# call by name/ callback rights



## butcher733 (Aug 4, 2012)

Does your local have this wording in its CBA? If so, what was the catalyst for the change in the CBA to include it?


----------



## HackWork (Oct 2, 2009)

My local has always had foreman call by name. About 2 years ago they added journeyman recall which meant a contractor can call back a journeyman from where ever he is on the list up to 6 months from his layoff date.


----------



## butcher733 (Aug 4, 2012)

HackWork said:


> My local has always had foreman call by name. About 2 years ago they added journeyman recall which meant a contractor can call back a journeyman from where ever he is on the list up to 6 months from his layoff date.


Why did they add callback?


----------



## HackWork (Oct 2, 2009)

butcher733 said:


> Why did they add callback?


I guess to stop the members from doing their own company furloughing. All of us that worked a lot liked the idea because it meant that the contractors could call us back. The bench riders didn't like the idea because it meant that they would be riding the bench longer.


----------



## eejack (Jul 14, 2012)

We have foreman call by name ( with certain restrictions ), but journeymen cannot be called by name.


----------



## erics37 (May 7, 2009)

eejack said:


> We have foreman call by name ( with certain restrictions ), but journeymen cannot be called by name.


Same here.


----------



## brian john (Mar 11, 2007)

Here you can call by name but you have to pay over scale.

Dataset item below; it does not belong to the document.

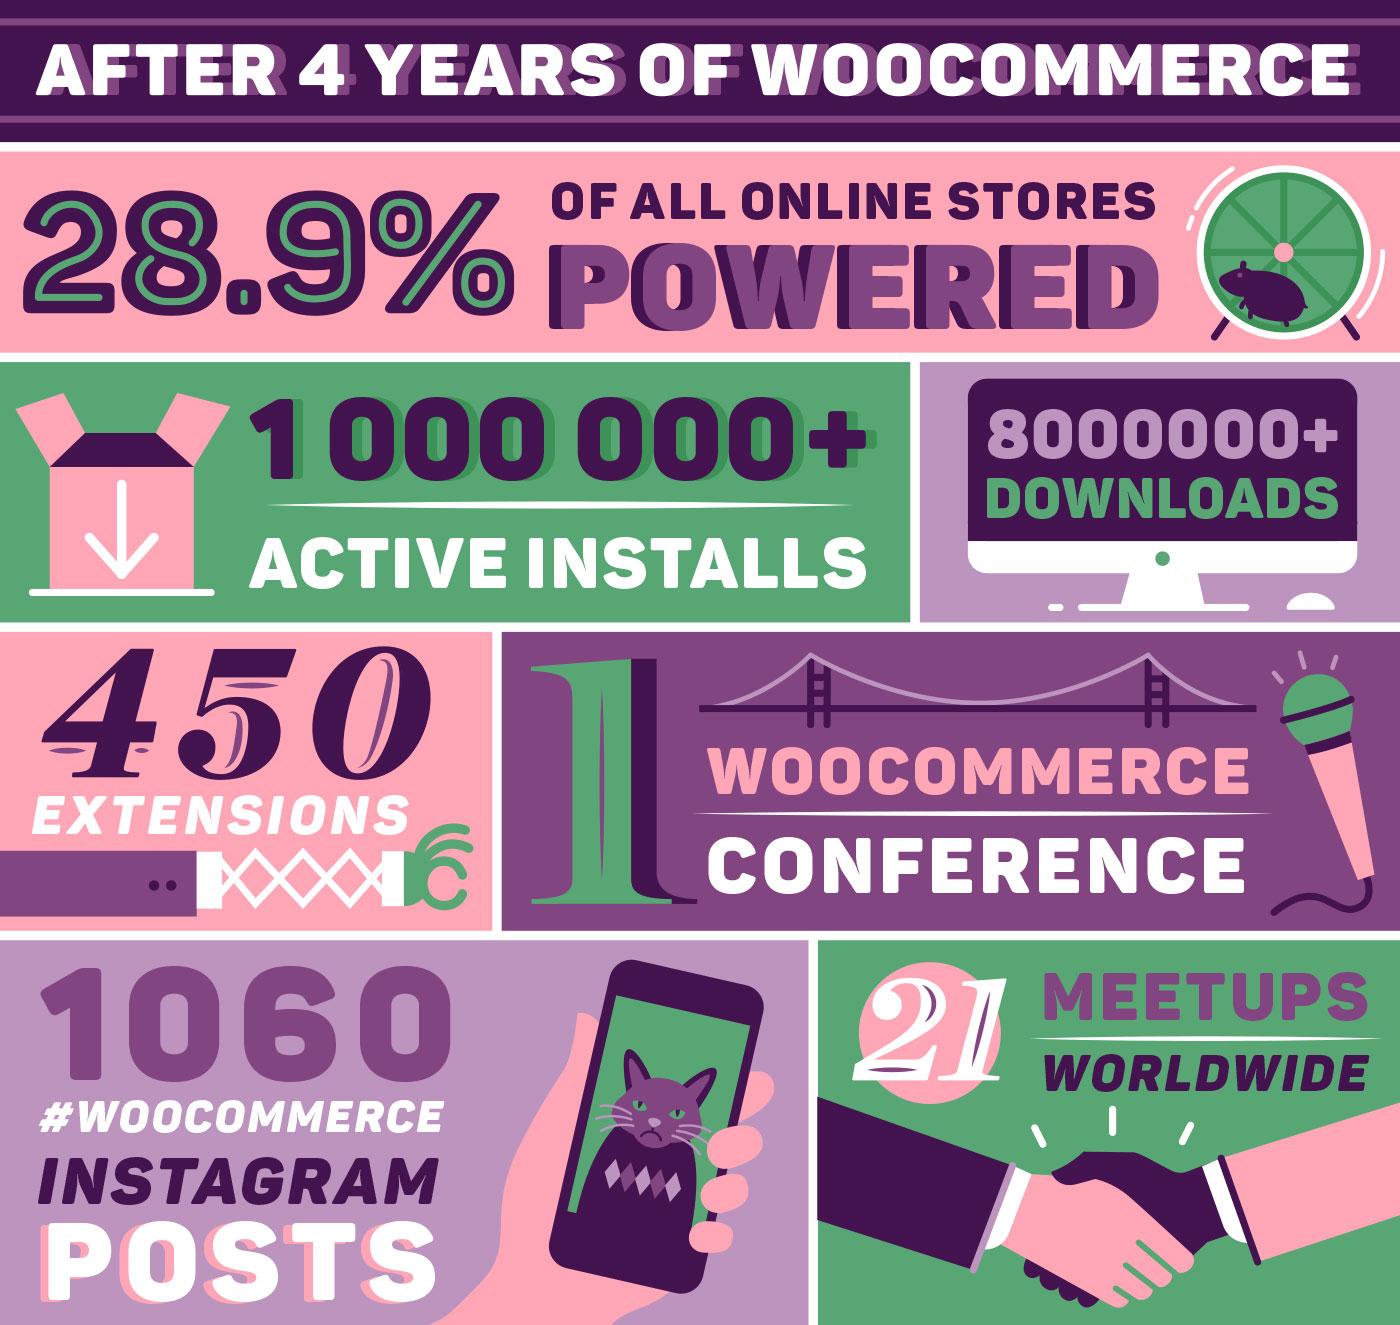 bday7-blog-woocommerce@2x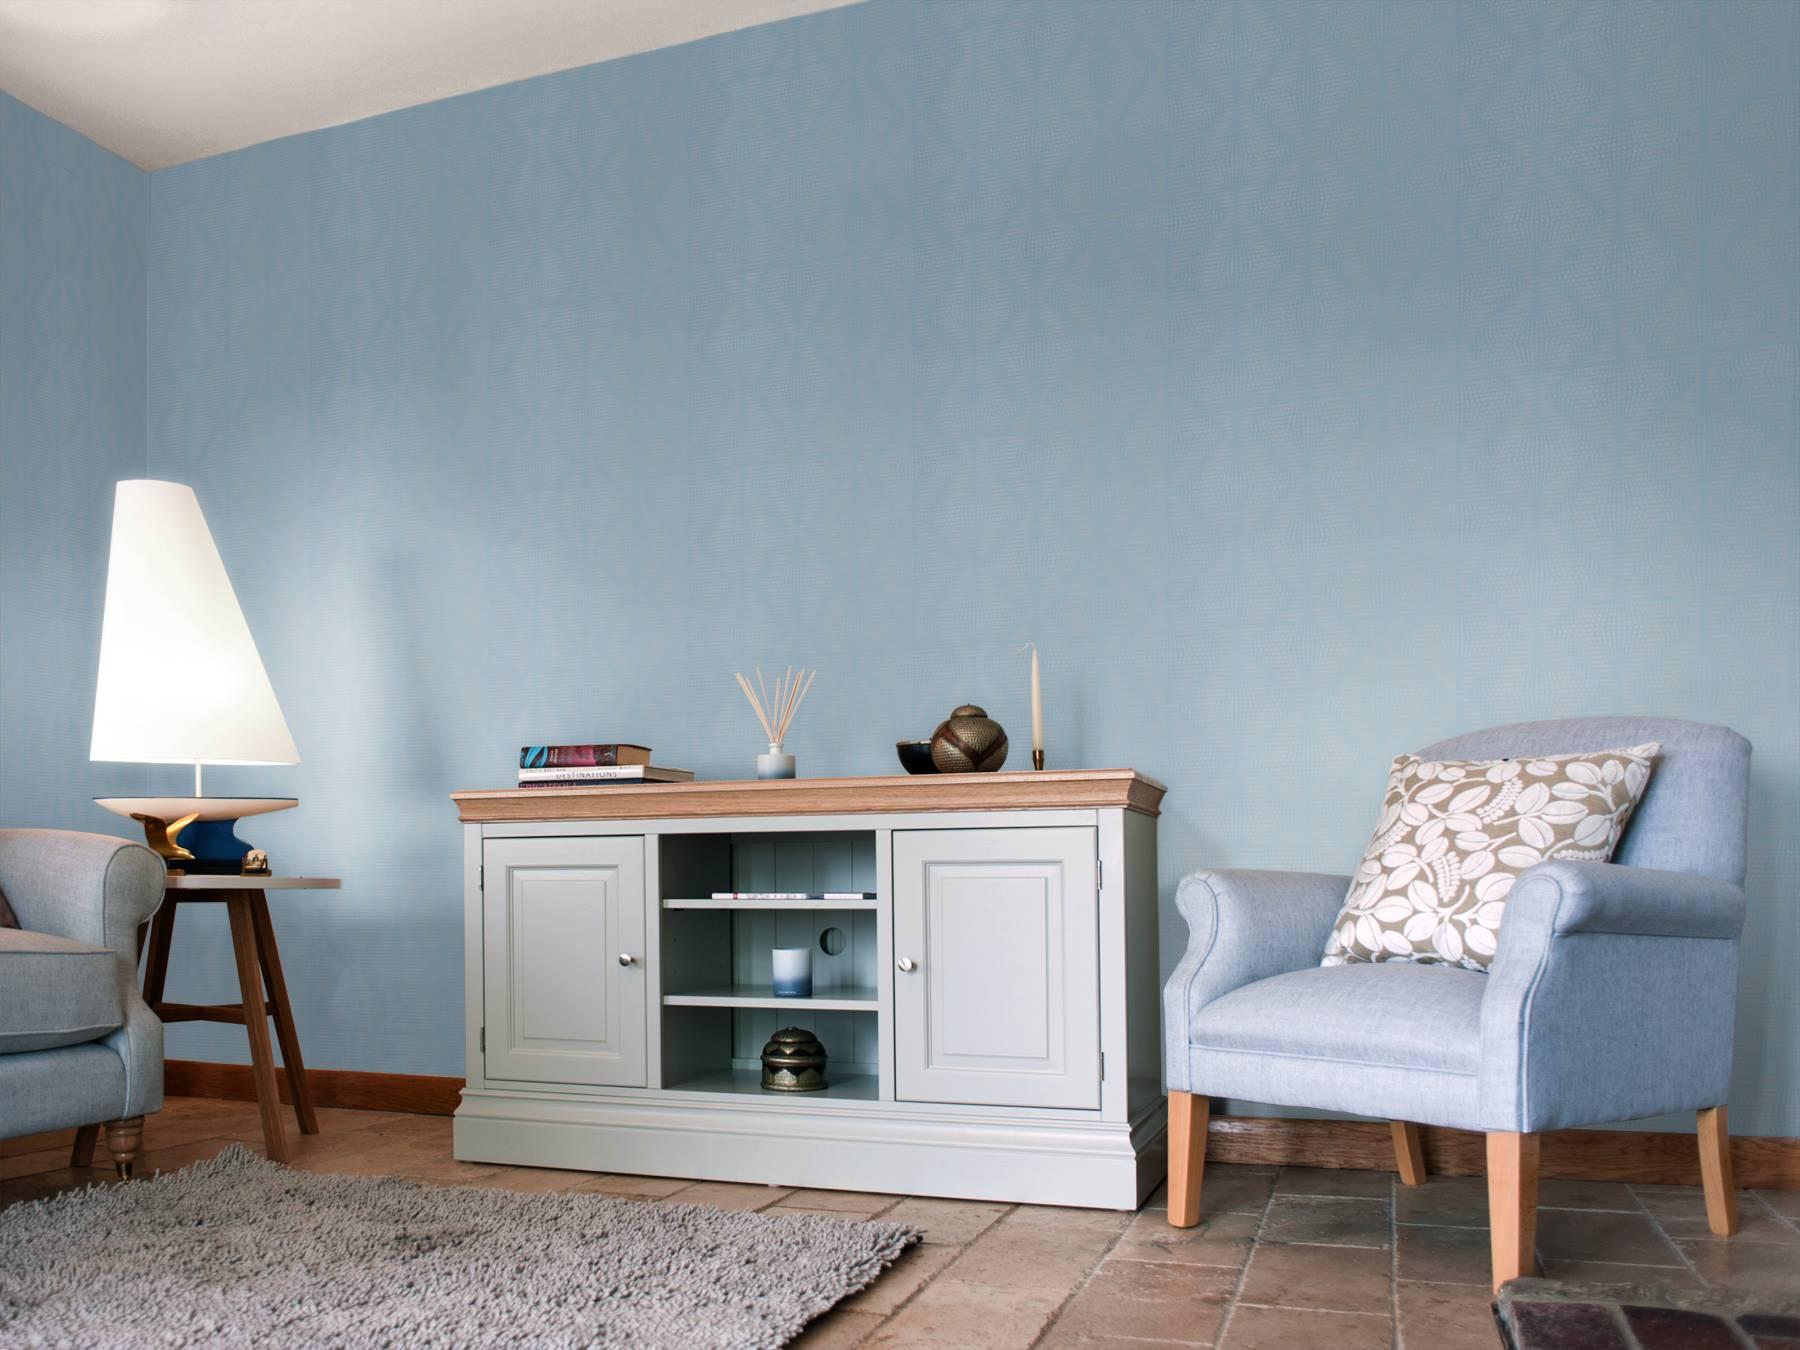 Ruhlmann Roomset Image - Osborne And Little Carlotta - HD Wallpaper

I can see pros and cons to the system, may be contentious in job strapped towns.


----------



## denny3992 (Jul 12, 2010)

743 reading pa has call by name( for special skills) which is bullshi+ cuz they consider instrumentation termination a special skill! Also recall and also foreman


----------



## eejack (Jul 14, 2012)

denny3992 said:


> 743 reading pa has call by name( for special skills) which is bullshi+ cuz they consider instrumentation termination a special skill! Also recall and also foreman


Our calls get filled by the next available specialist, however the international agreement for Instrument Techs is different than our individual CBAs. It is between the UA and IBEW ( since techs can be either fitters or electricians ) and there are different rules involved which supercede the local.


----------



## sparky970 (Mar 19, 2008)

denny3992 said:


> 743 reading pa has call by name( for special skills) which is bullshi+ cuz they consider instrumentation termination a special skill! Also recall and also foreman


Considering the quantity of "journeyman" I've seen that hook them up wrong, I'd say it is.


----------



## icefalkon (Dec 16, 2007)

We have Foreman/General Foreman Call By Name, but not for Journeymen or Straw Bosses.


----------



## HackWork (Oct 2, 2009)

icefalkon said:


> We have Foreman/General Foreman Call By Name, but not for Journeymen or Straw Bosses.


You don't even know where your dues money goes...


----------